Sur le vif - Jeudi 20.08.20 - 09.59h
Helmut Hubacher, que j'ai connu à Berne lors de mes premières années comme correspondant au Palais fédéral, était un vrai militant socialiste, au service des plus précaires de notre pays. Il avait la fibre sociale, un sens aigu des rapports de forces, et aussi, comme Président du PSS (1975-1990), un art du compromis entre partis, après des discussions dont l'âpreté était légendaire. Il n'était pas un type facile.

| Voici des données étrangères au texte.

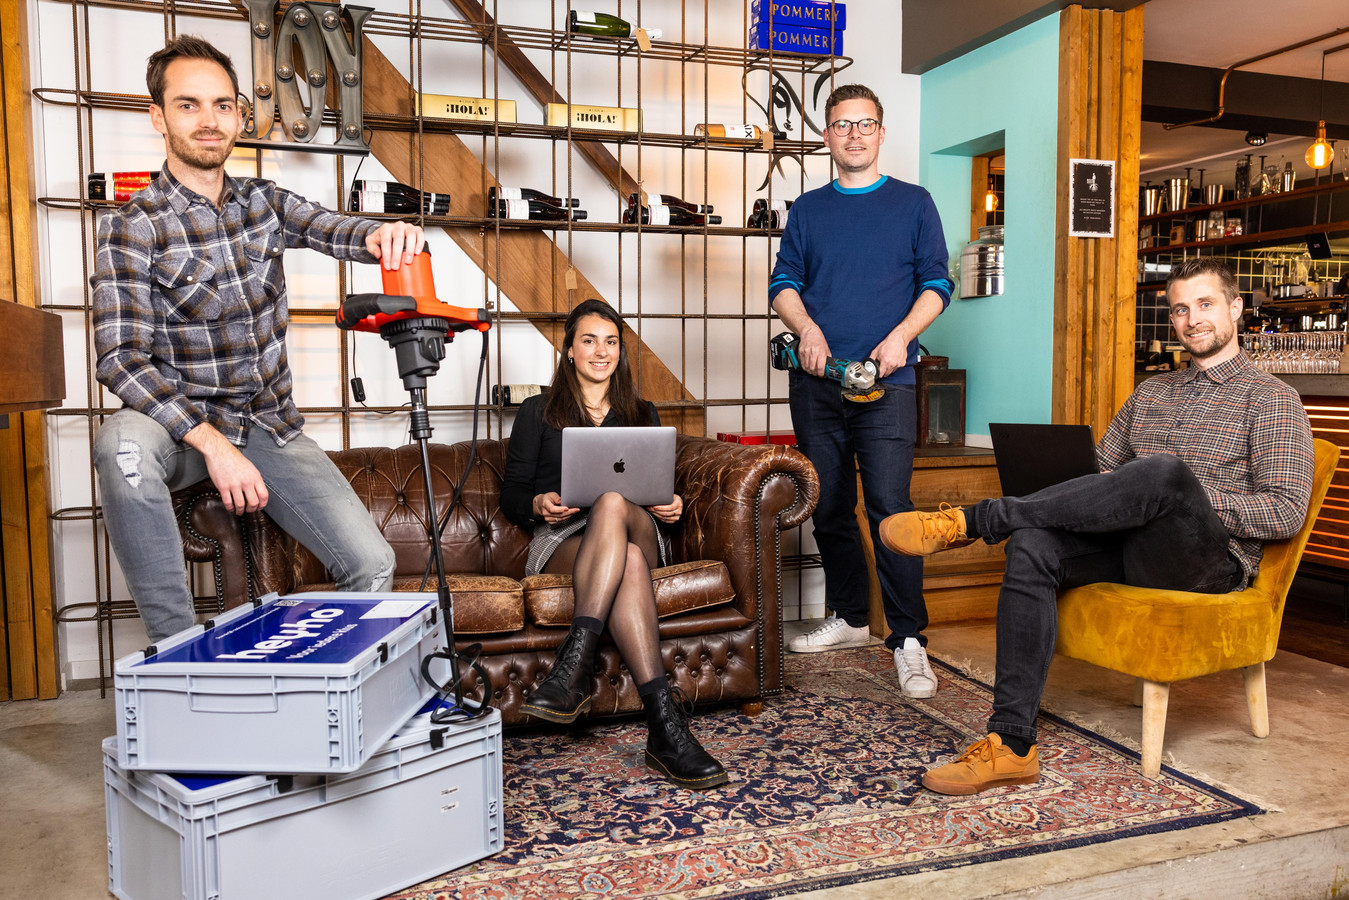 Groepsfoto van de ondernemers van gereedschapsverhuur bedrijf HeyHo, werkend vanuit restaurant Roots in Hilvarenbeek, met vlnr: Sander Hoogers, Femke Bertens, Bram Mutsaers en Chris Traxel.

Cette génération de syndicalistes, qui ont connu la guerre, construit la société suisse des Trente Glorieuses, vu naître la prospérité de notre pays (eh oui, elle est beaucoup plus récente qu'on ne l'imagine), participé à l'élaboration de nos grandes assurances sociales, côtoyé des figures immenses comme Hanspeter Tschudi (socialiste, Bâle-Ville, comme Hubacher), l'homme qui vient de nous quitter, à 94 ans, en était l'un des tout derniers représentants.
Aujourd’hui ? Aujourd'hui, caviar ! Les élites socialistes font partie de la tranche supérieure de la classe moyenne. Elles préfèrent souvent la morale à la politique. Elles ont - à part quelques exceptions, bien sûr - perdu le sens des rapports de forces. Elles privilégient les grands discours cosmopolites à la défense des intérêts supérieurs de la Suisse, et surtout des Suisses. Elles sont coupées du peuple, coupées des plus précaires, coupées des chômeurs, des délaissés.
Helmut Hubacher, bougon et revêche, n'était pas de ce monde-là. Il surgissait d'un univers où, à gauche, la défense du peuple et de la nation avaient encore un sens.